INPUT DATA -
= = = = = = =
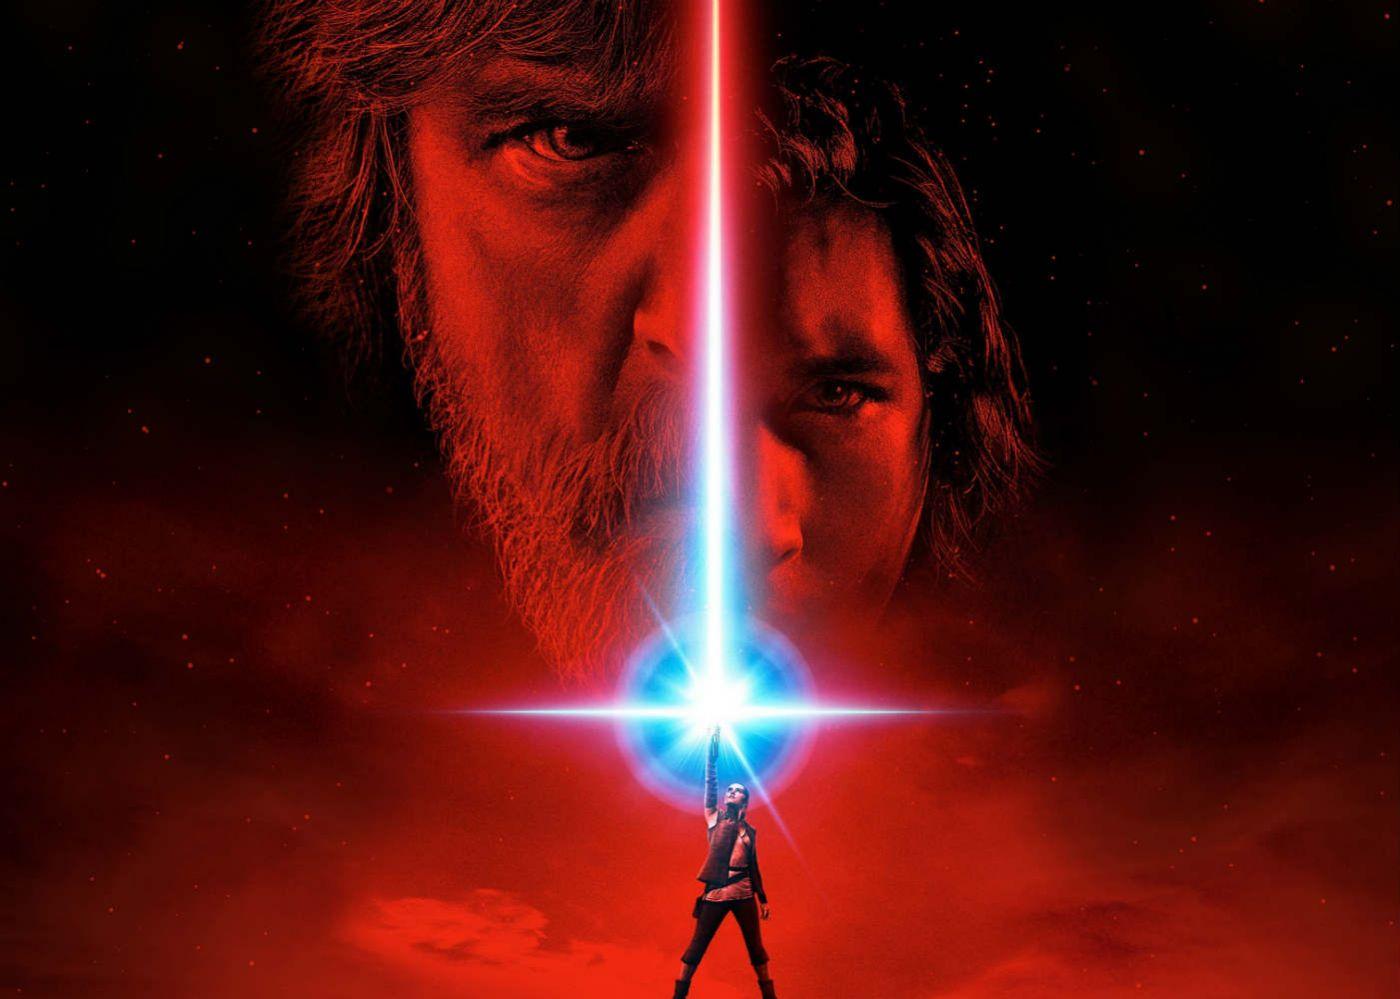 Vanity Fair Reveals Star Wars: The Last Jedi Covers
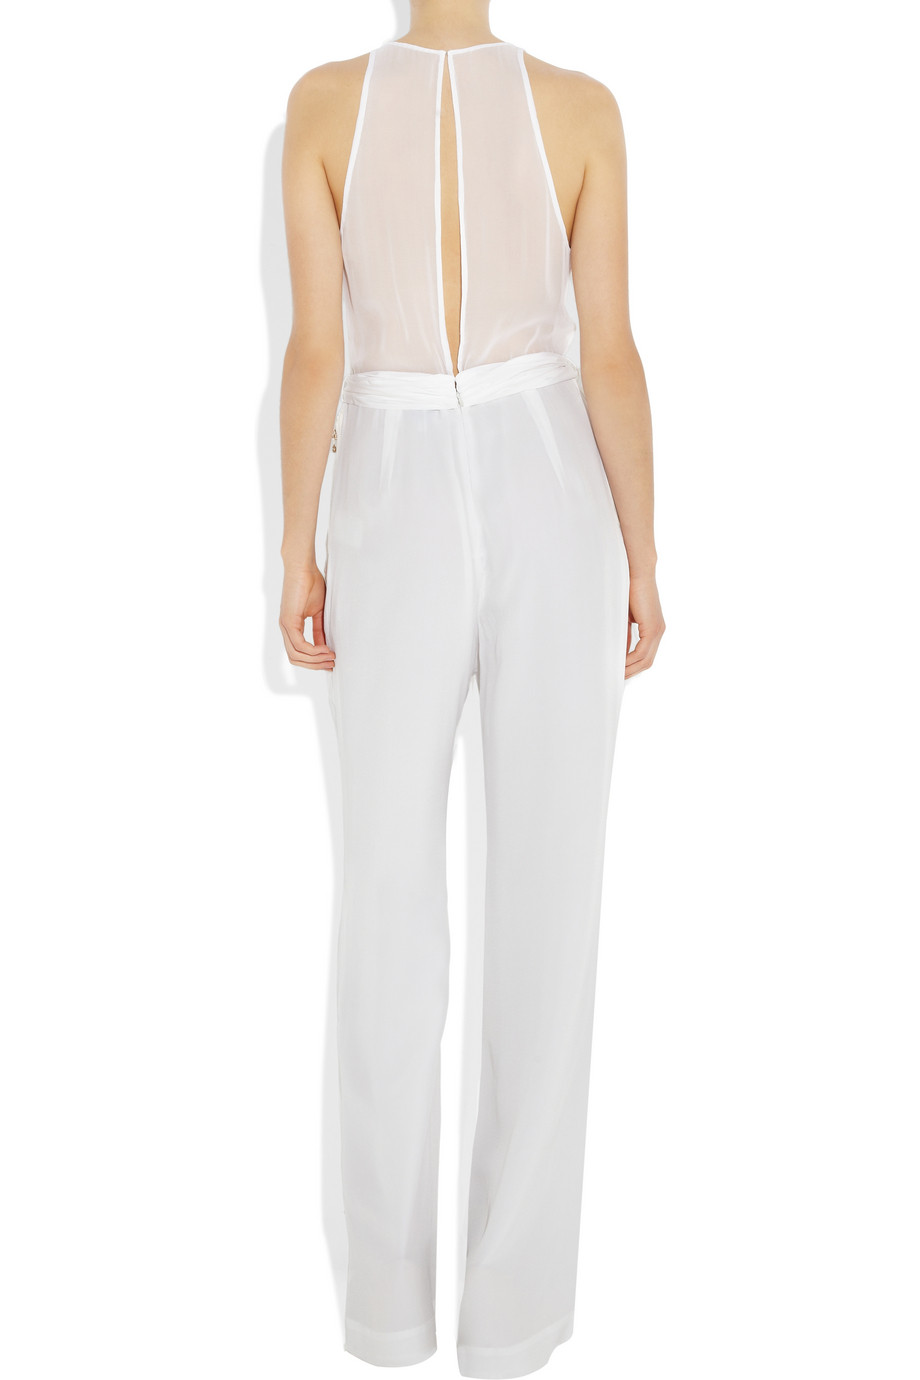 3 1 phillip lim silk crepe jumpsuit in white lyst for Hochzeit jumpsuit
= = = = = = =
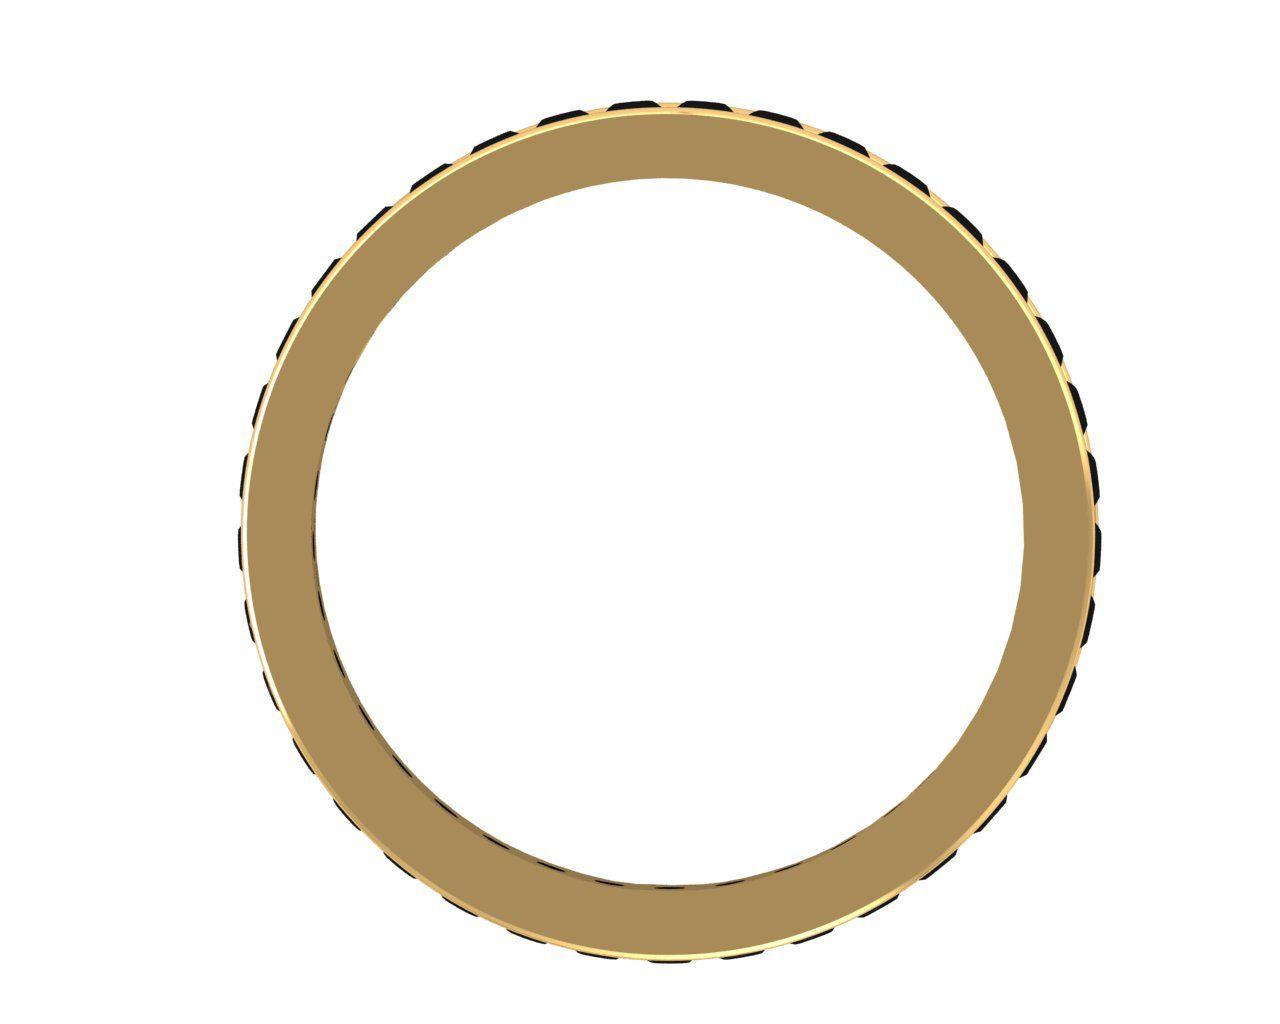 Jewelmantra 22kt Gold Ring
= = = = = = =
Using the data above, give again exactly the lines starting at the one holding "Vanity Fair Reveals" and ending at the one holding "3 1 phillip", inclusive, and nothing more. Omit the pictures.

 Vanity Fair Reveals Star Wars: The Last Jedi Covers
 3 1 phillip lim silk crepe jumpsuit in white lyst for Hochzeit jumpsuit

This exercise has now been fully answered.